Renaldo and the Loaf

  • Renaldo and the Loaf
  • Songs for Swinging Larvae (Ralph) 1979 
  • Arabic Yodelling (Ralph) 1983 
  • Streve and Sneff [tape] (Ralph) 1984 
  • Olleh Olleh Rotcod (Rotcod) 1985 
  • The Elbow Is Taboo (Ralph) 1987 
  • Residents & Renaldo and the Loaf
  • Title in Limbo (Ralph) 1983 

Only the Residents’ label would deign to sign a duo as deeply weird as Renaldo and the Loaf — in real life two Englishmen named David Janssen and Brian Poole (the latter not of ’60s swingers the Tremeloes). Their bizarre studio-doctored vocals, cut-and-paste arrangements, jerky robot rhythms and alien instrumentation (among the pair’s noisemakers: scalpel, metal comb, hacksaw blade, pickle jar, biscuit tins) suggest that Renaldo and the Loaf was evolved in the Residents’ image. Unfortunately, Songs for Swinging Larvae has all the madness and none of the coherence of the Residents’ nutty concepts, its offbeat wit stampeded instead by rampant disorienting eclecticism. Guaranteed to clear the room of your choice.

Arabic Yodelling is roughly more of the same, a collection of Rube Goldberg home-brewed insanity recorded over a two-year period. A bit less weird for weird’s sake (although hardly in danger of mass appeal), it keeps the blindly whimsical faith the Residents themselves were in the process of outgrowing. Title in Limbo, the group’s joint effort with their American soul brothers, however, is not at all enticing. Streve and Sneff is an American reissue of a pre-Larvae cassette the band had previously distributed on their own.

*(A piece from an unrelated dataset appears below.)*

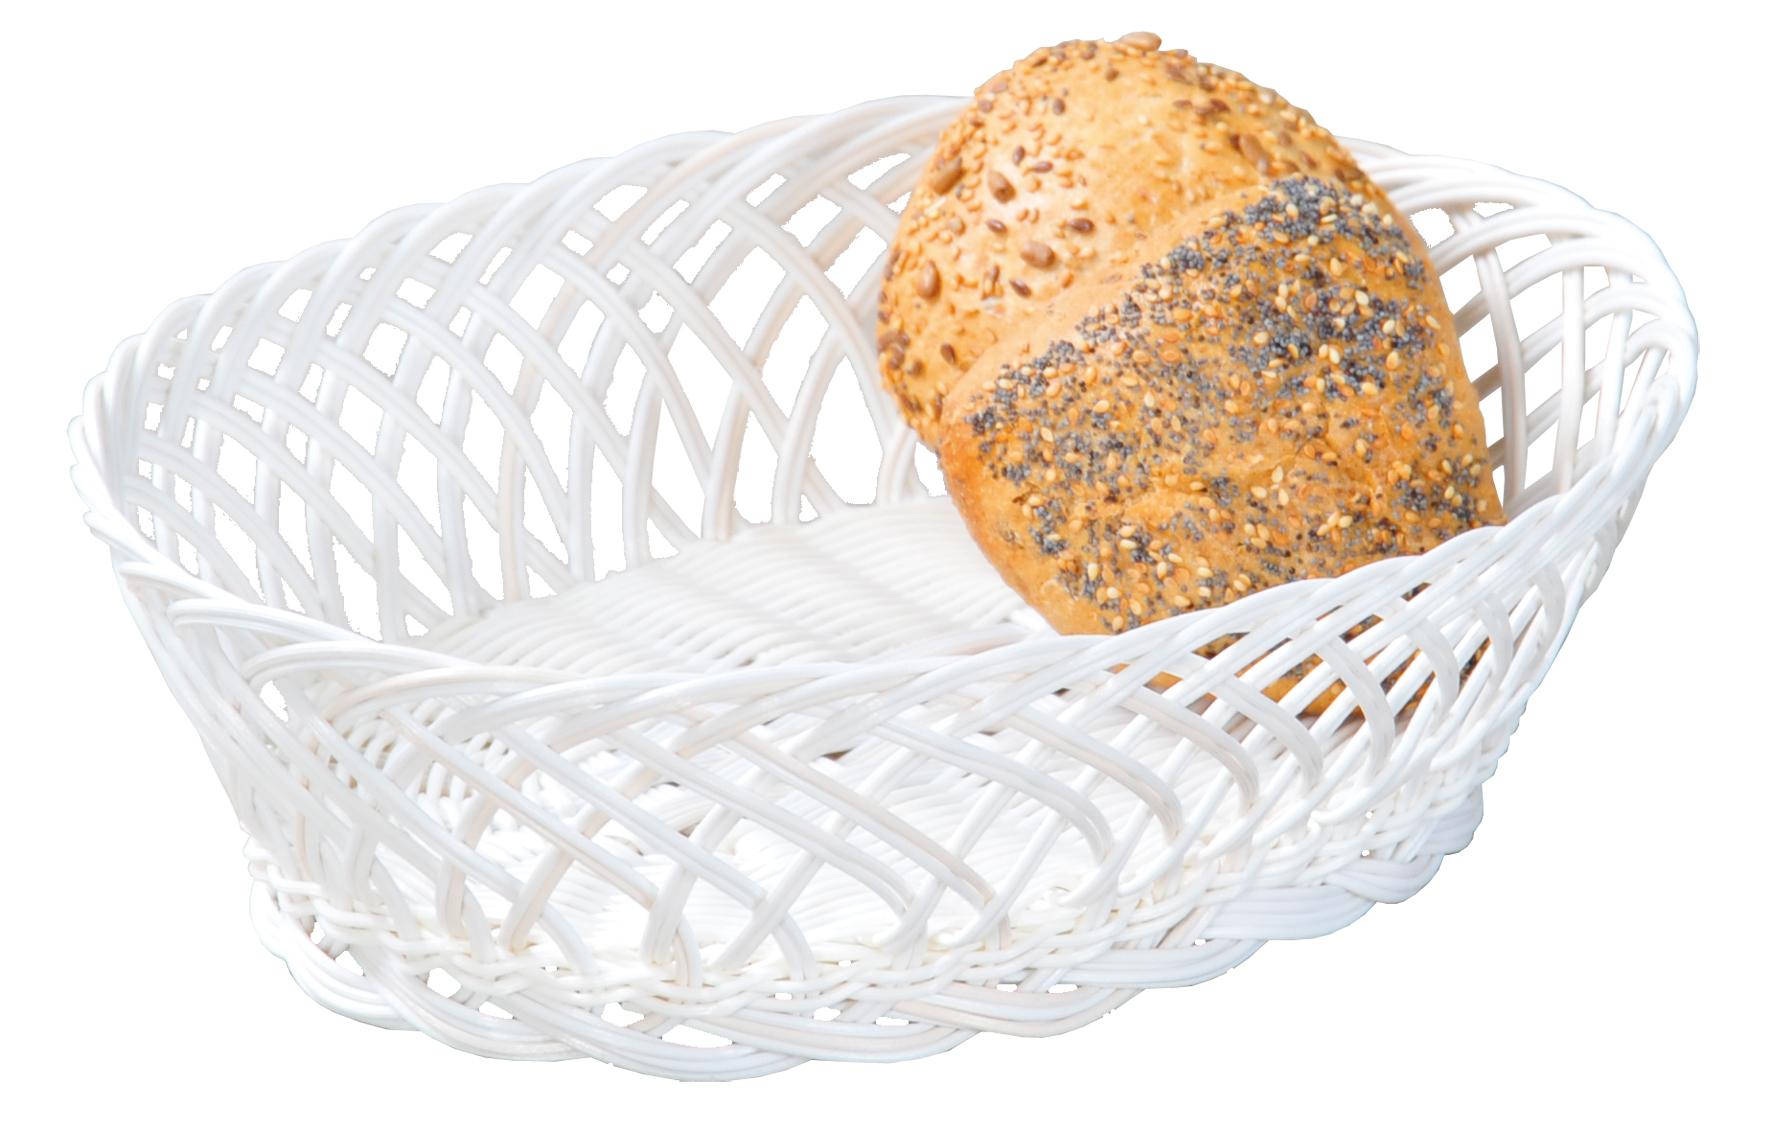 Košík na pečivo, plast, 24 x 20 x 6 cm, Kesper
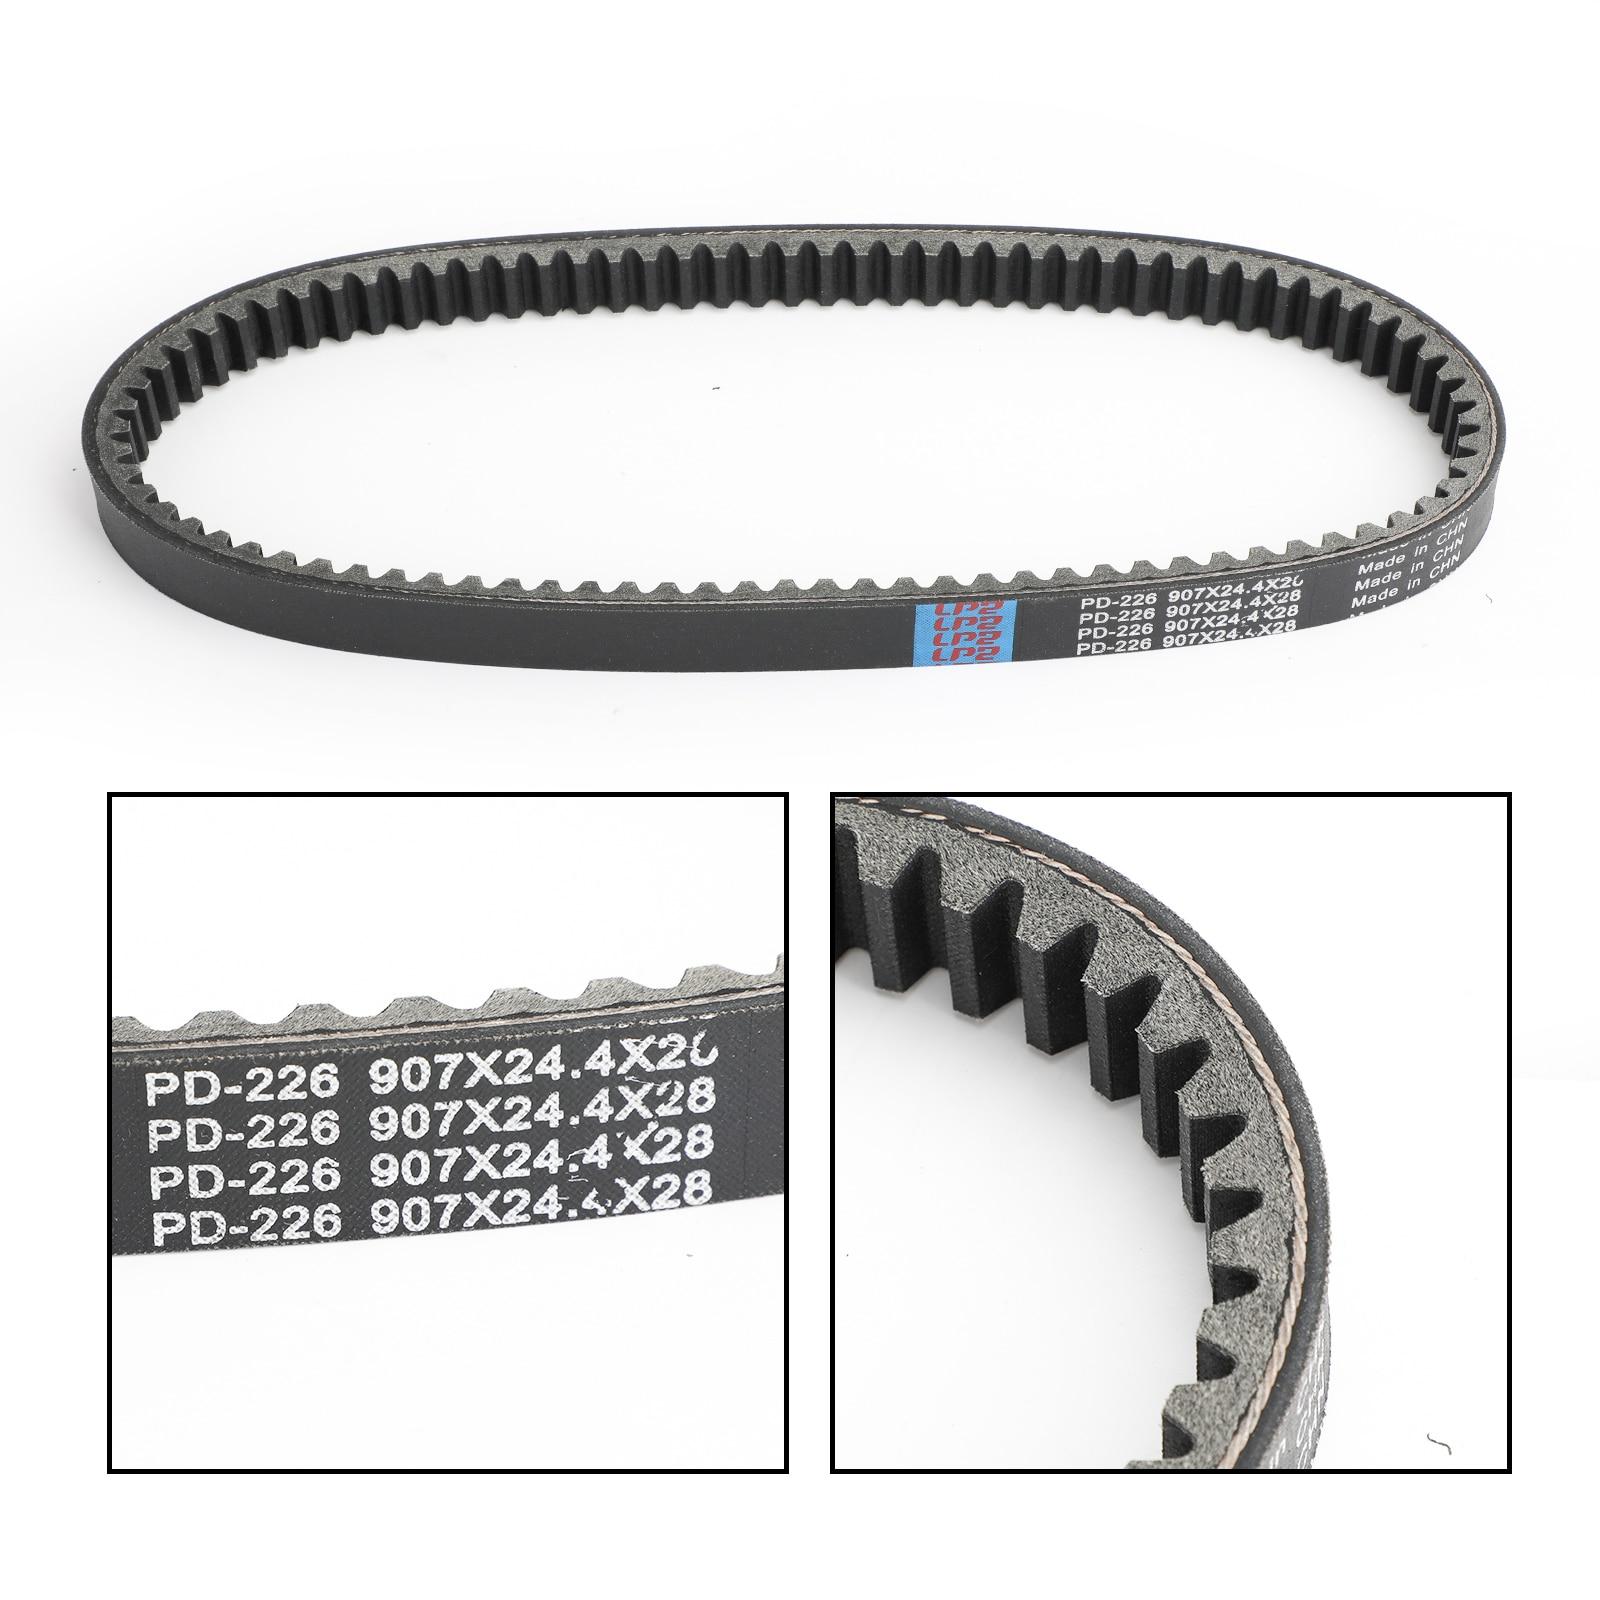 Artudatech Primary Drive Clutch Belt For SYM GTS JOYMAX 300 RV270 RV300 GTS300  EFI EVO LM30W1-7 EFI EVO LN30A1-6

The general worldwide overuse of electronic sampling instruments may partially explain the delightful alternate-reality sound of The Elbow Is Taboo; then again, perhaps Renaldo and the Loaf have simply advanced past musical infantilism. The songs are indeed songs; they may contain obscure, unexpected sounds and bizarre vocals, but little of it seriously impedes the spare, charming folksiness. “A Street Called Straight,” a most agreeable mélange, employs dulcimer and bouzouki as well as a keyboard; the title track shuffles along on a devolved reggae beat with mandolin as a prime instrument; the vocal-less “Dance for Somnambulists” mixes in glockenspiel and guitars. Crazy, man, crazy!